The majority of Canadian property developers — at least, the majority of the ones who can afford to buy up lots for redevelopment in this market — seem to have an overt, almost monomaniacal focus on developing only top-of-market properties. Municipalities have to essentially force them at gunpoint to take any consideration for creating any housing stock to sell to the rest of the market.

• When you look at any new condo development in a Canadian city (without government affordable-housing involvement), there end up being no bachelor, 1bd, or even 2bd units in the development; it's all 3bd+. Picture a condo tower where every floor is the penthouse. Many Canadian property developers only build this type of condo building.

• Likewise, when you look at any new SFH development in a Canadian city (without government affordable-housing involvement), there end up being no small-lot developments; instead, contiguous previously reasonably-sized lots are almost always bought up and merged, to create space to plop down a McMansion. Again, many Canadian property developers only build McMansions.

Letting these kinds of developers loose on a city, results in a sort of "second-wave gentrification", where neighbourhoods previously affordable to the middle class, get rebuilt to be only affordable by the upper class (for whom this is mostly not their primary residence, but rather a rental property/airbnb, investment property, vacation home, property to lend to friends/family visiting them, etc.)

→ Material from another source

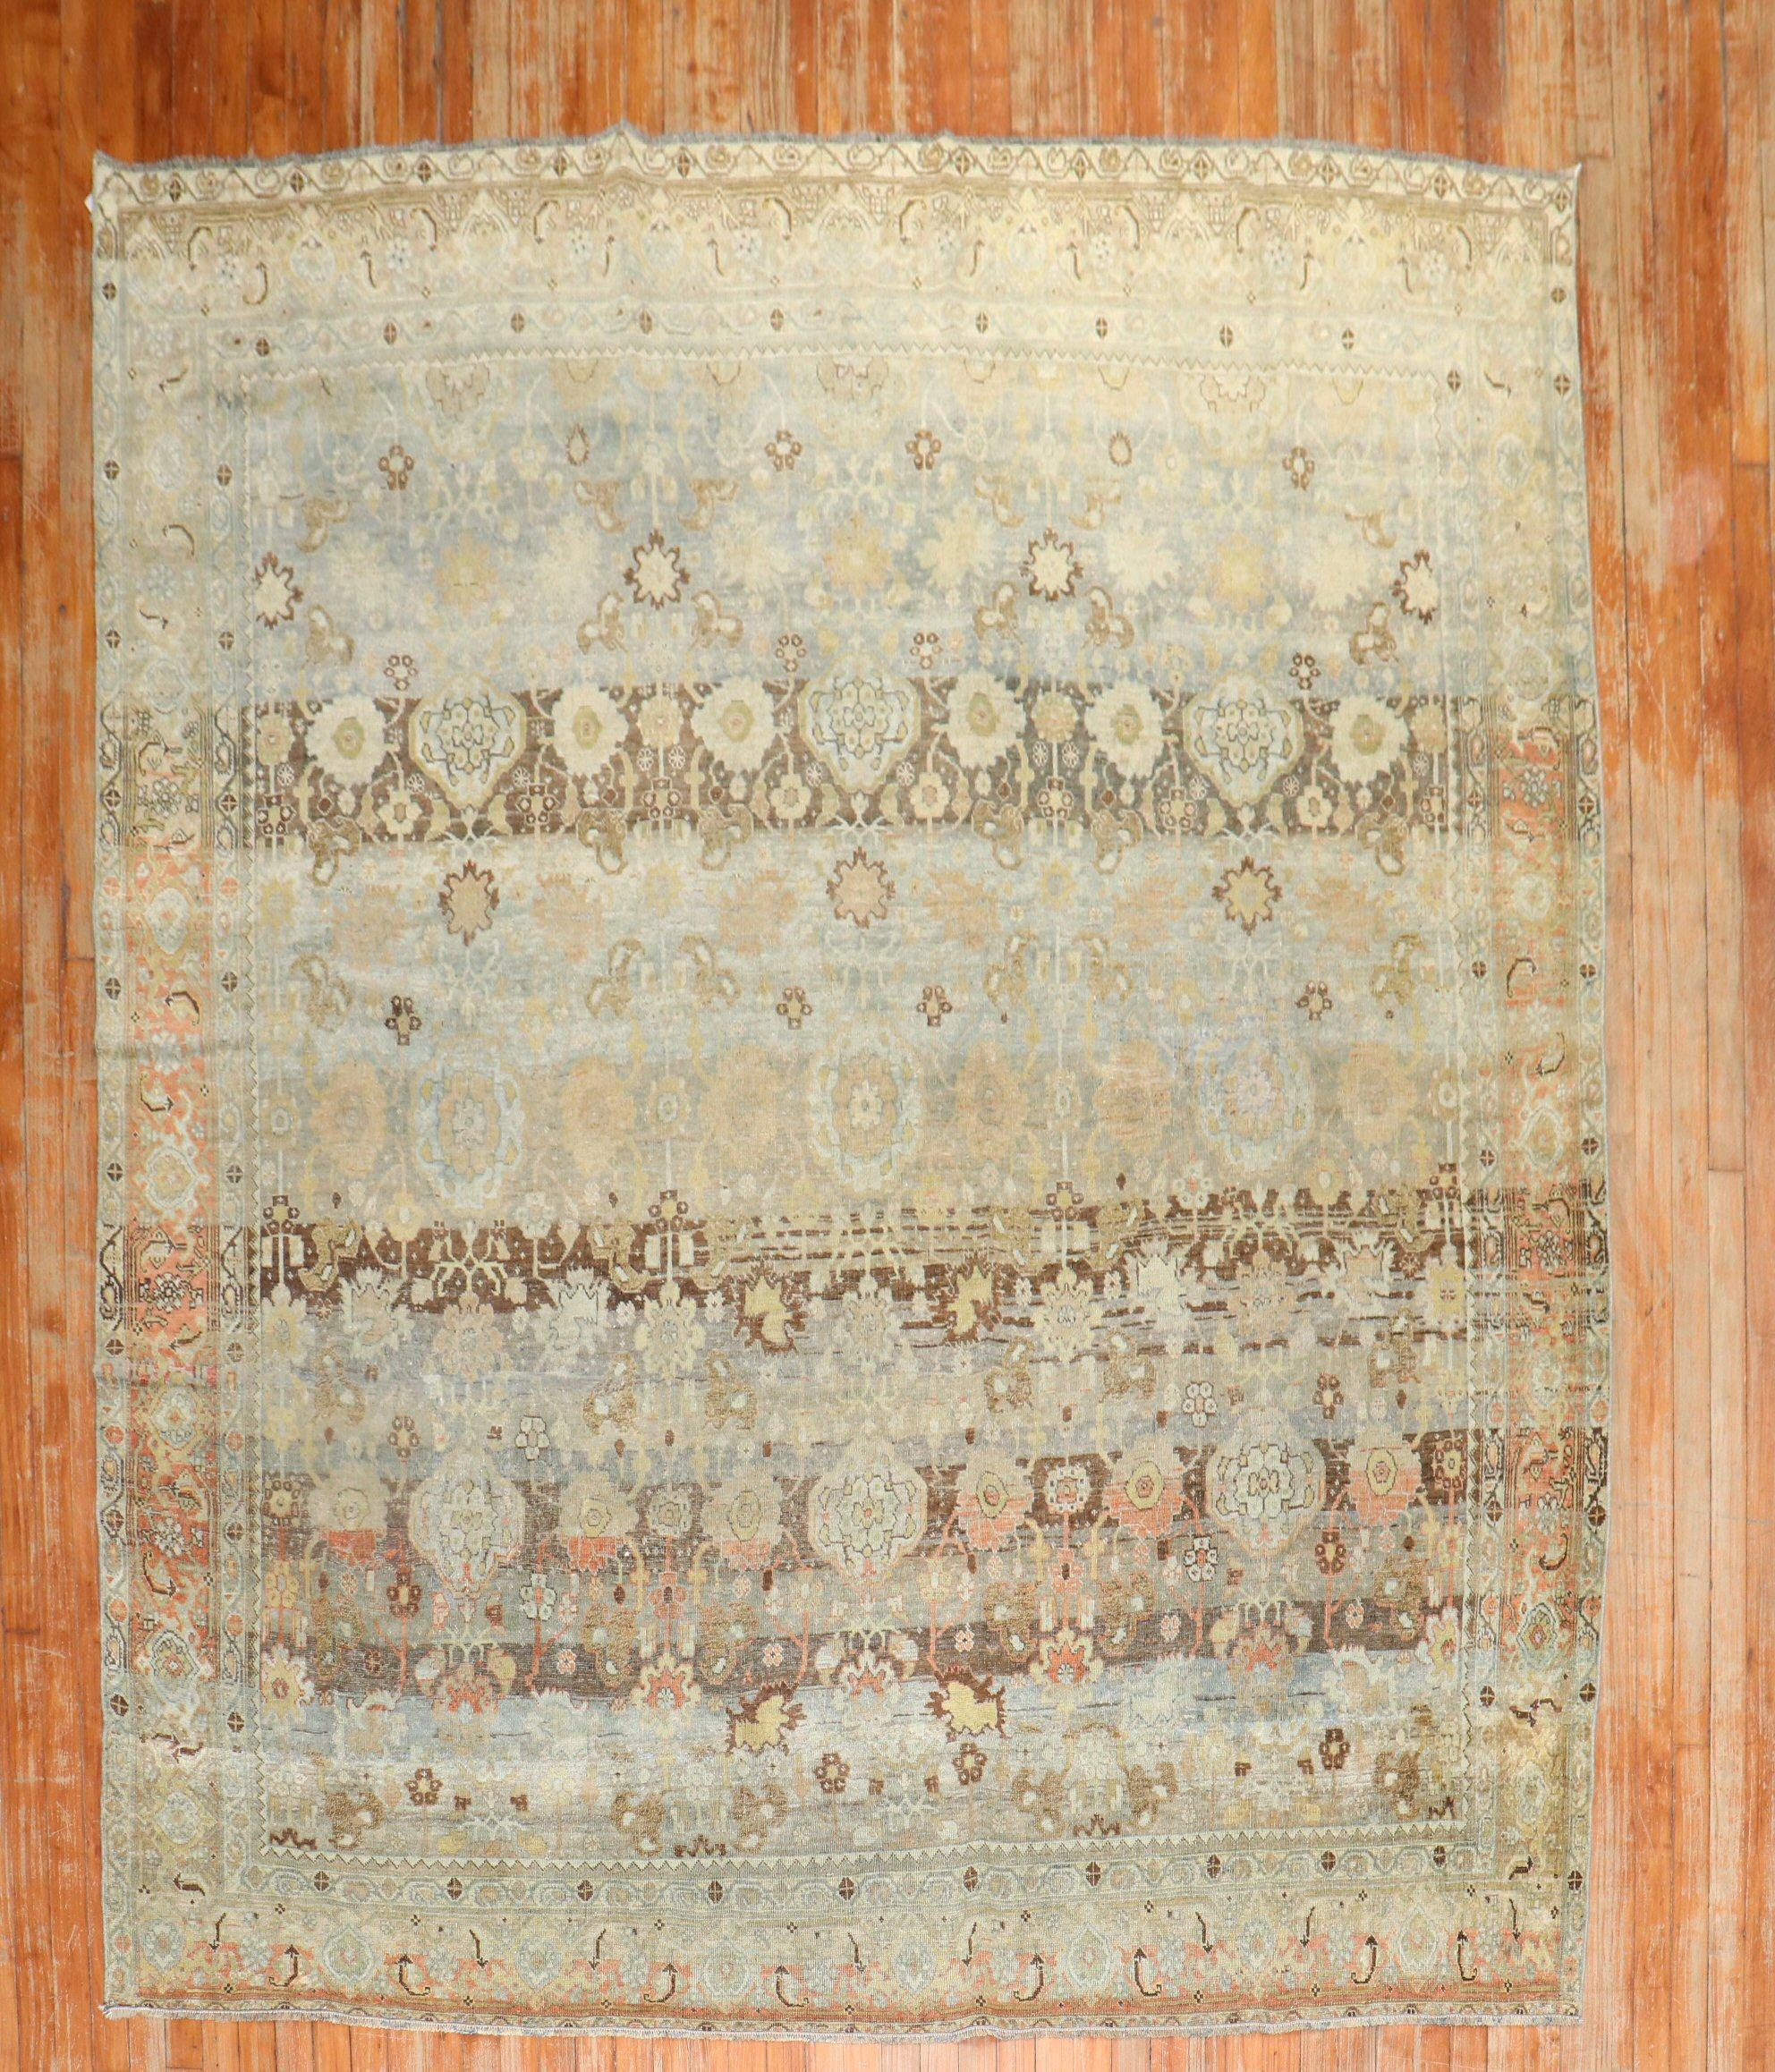 Persischer quadratischer Bidjar-Teppich aus dem frühen 20. Jahrhundert mit einem großflächigen Allover-Muster in warmen Erdtönen

7'6'' x 8'8''
   
  

Classical "first wave" gentrification pushes the working class out of the city — creating a situation where the service economy of the city becomes driven by those commuting from outside the city, and low-margin service-economy businesses struggle to retain talent. (Which in turn forces the city to look into the creation/expansion of high-speed regional transit — because suddenly all the service-worker commuters are clogging the highways to get to work from the cheap exurbs.)

"Second wave" gentrification, in the places it happens, pushes the professional class outside the city as well. Now, even people like doctors, corporate managers, etc. struggle to afford to live near their place of work.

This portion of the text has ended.